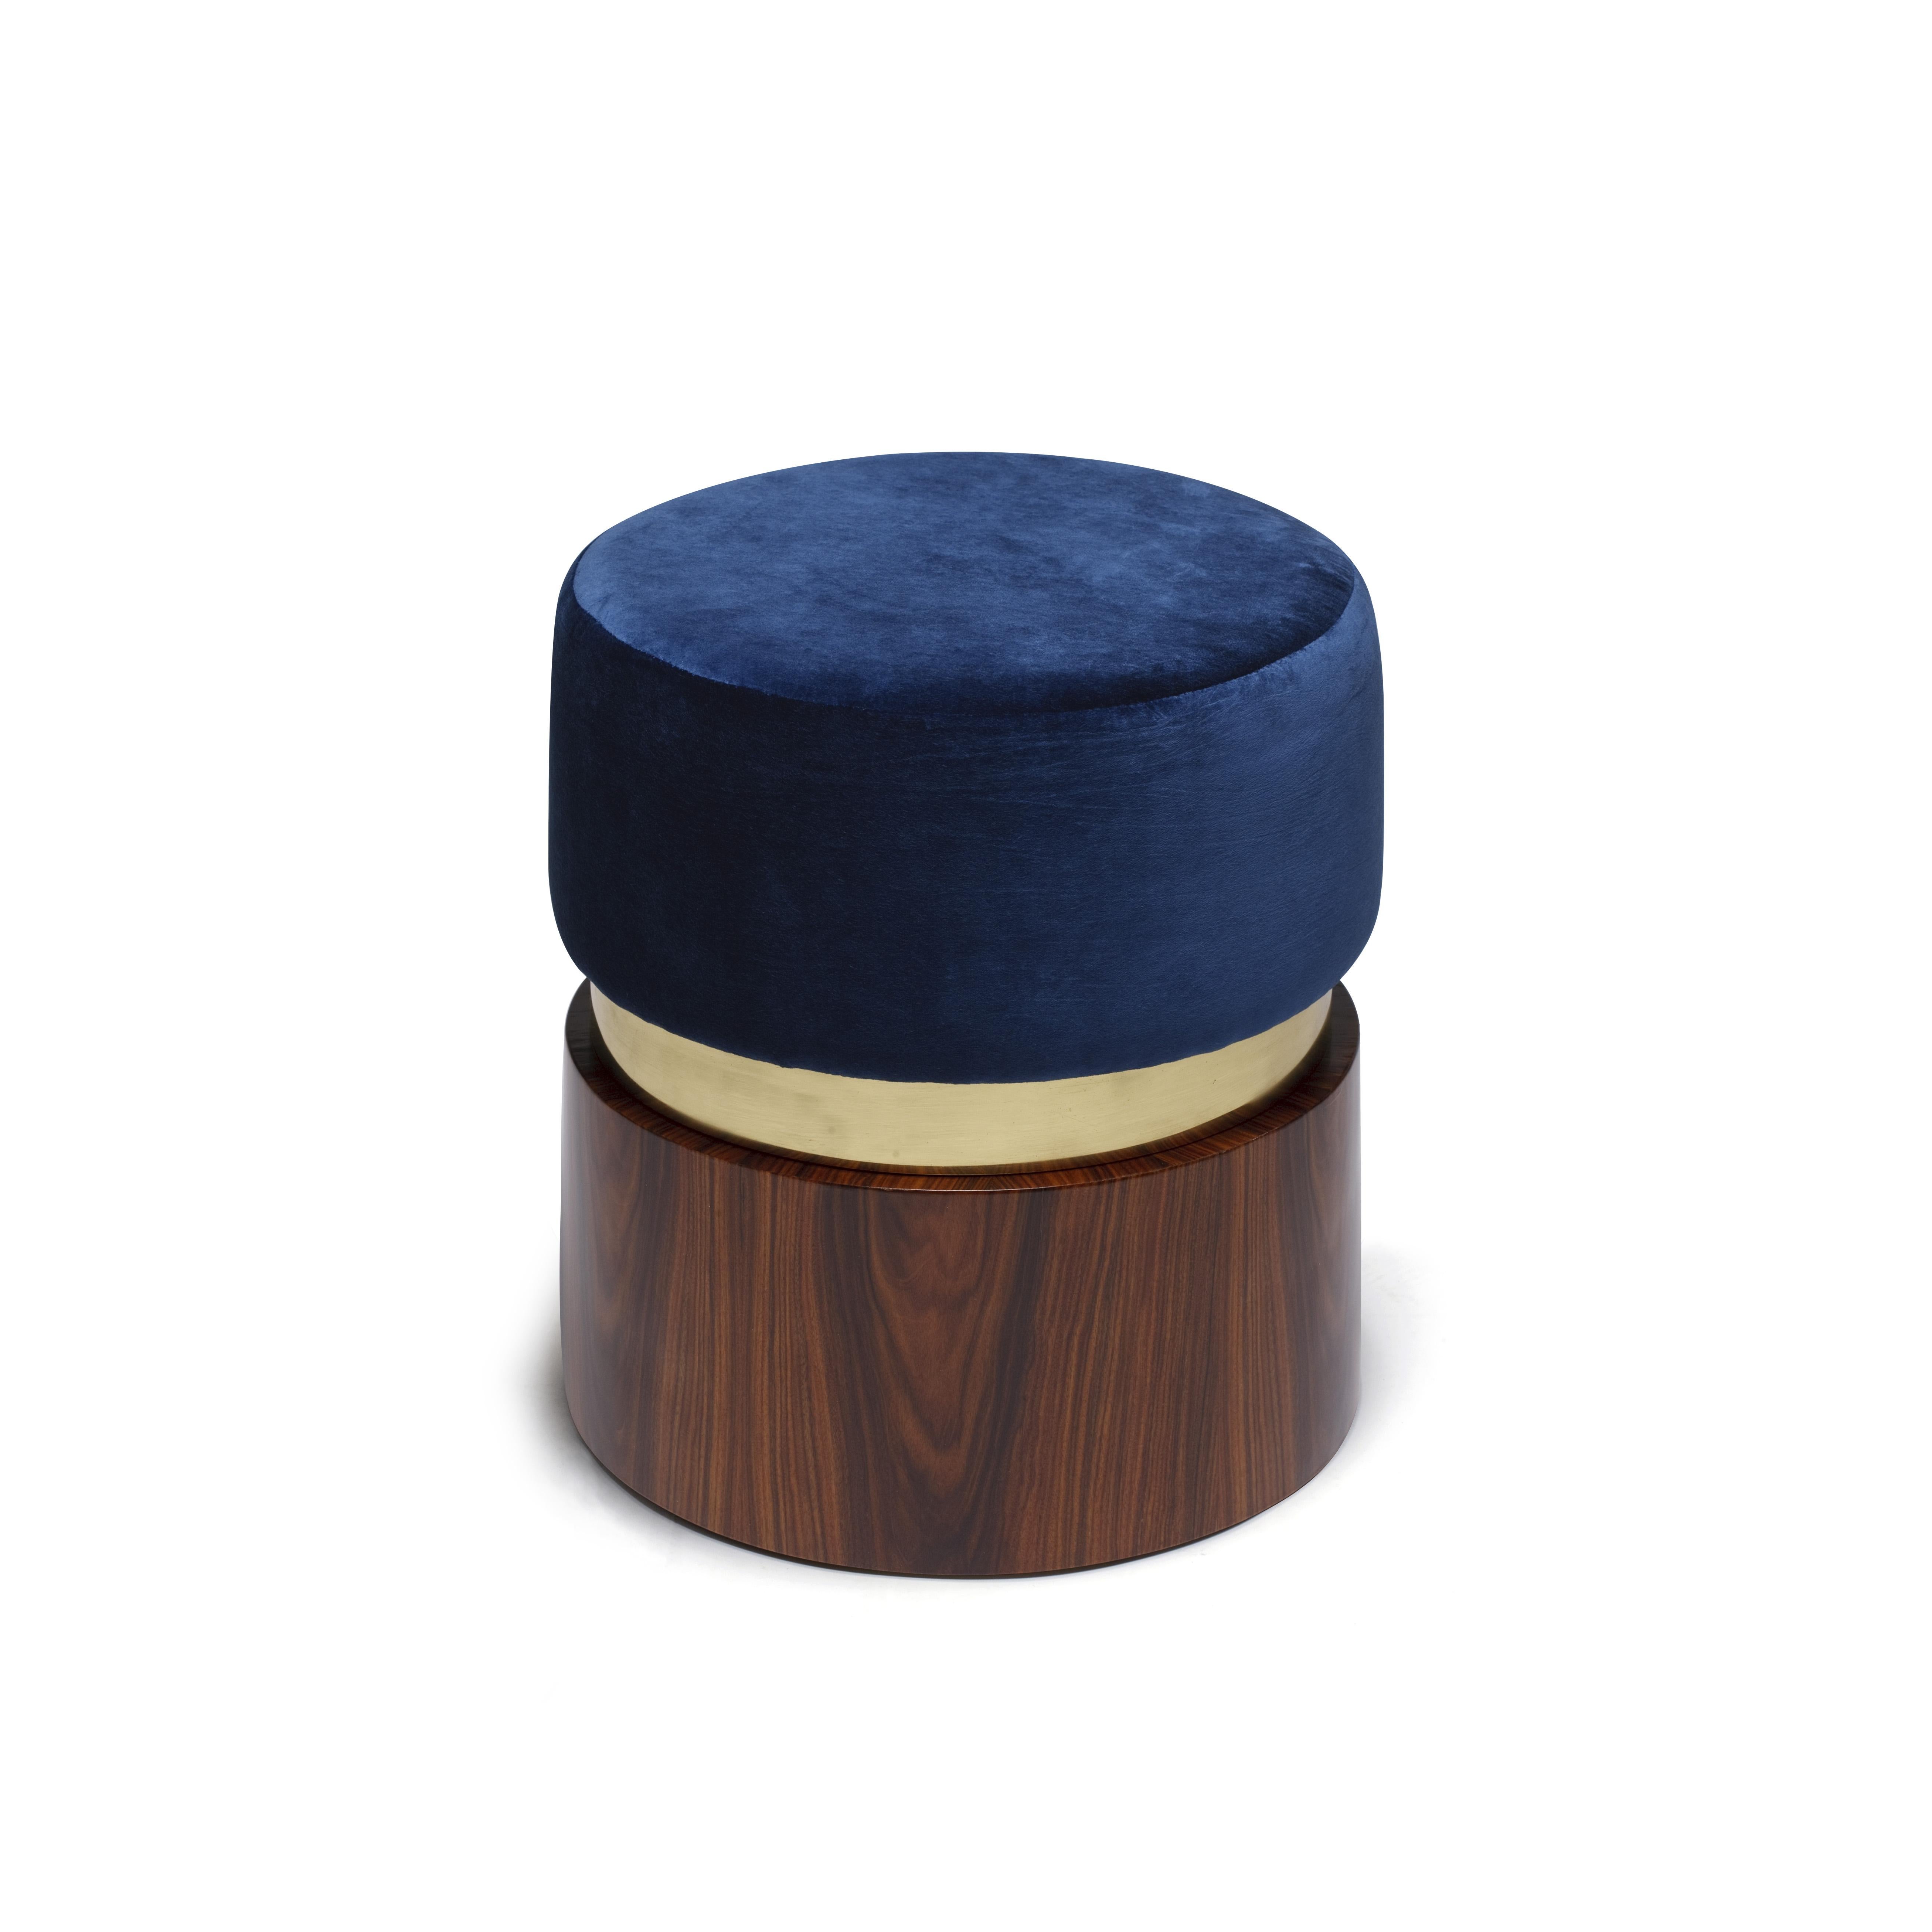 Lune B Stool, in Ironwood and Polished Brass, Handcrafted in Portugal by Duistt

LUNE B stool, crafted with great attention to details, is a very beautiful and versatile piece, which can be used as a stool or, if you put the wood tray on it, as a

^^^^^^^^^^^^^^^^

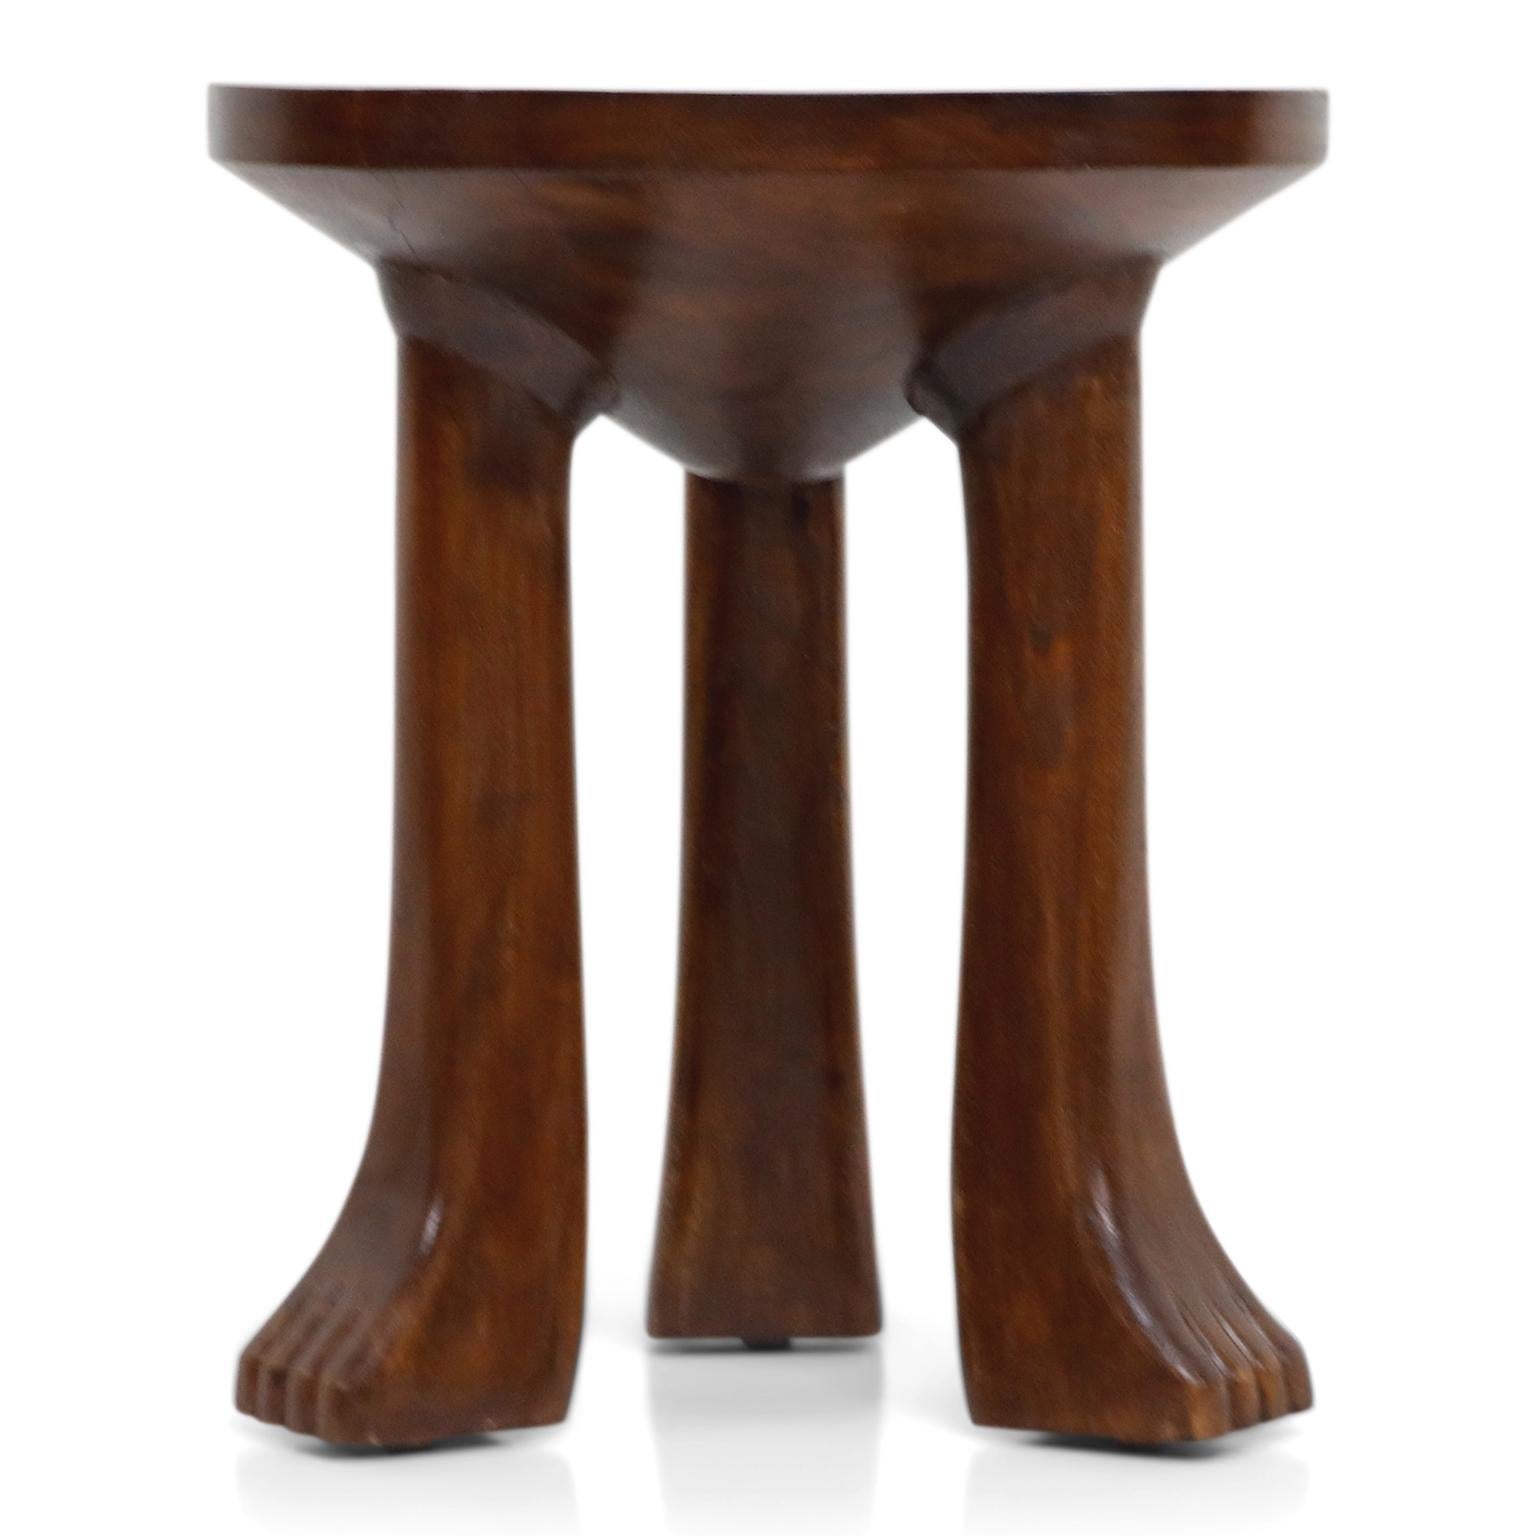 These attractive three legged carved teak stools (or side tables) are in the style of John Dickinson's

^^^^^^^^^^^^^^^^

_What the task asks_
In the listing above, find the line containing "Lune B Stool, in" and the line containing "LUNE B stool, crafted"; print those lines and every line between them exactly, leaving out pictures.

_Expected answer_
 Lune B Stool, in Ironwood and Polished Brass, Handcrafted in Portugal by Duistt

LUNE B stool, crafted with great attention to details, is a very beautiful and versatile piece, which can be used as a stool or, if you put the wood tray on it, as a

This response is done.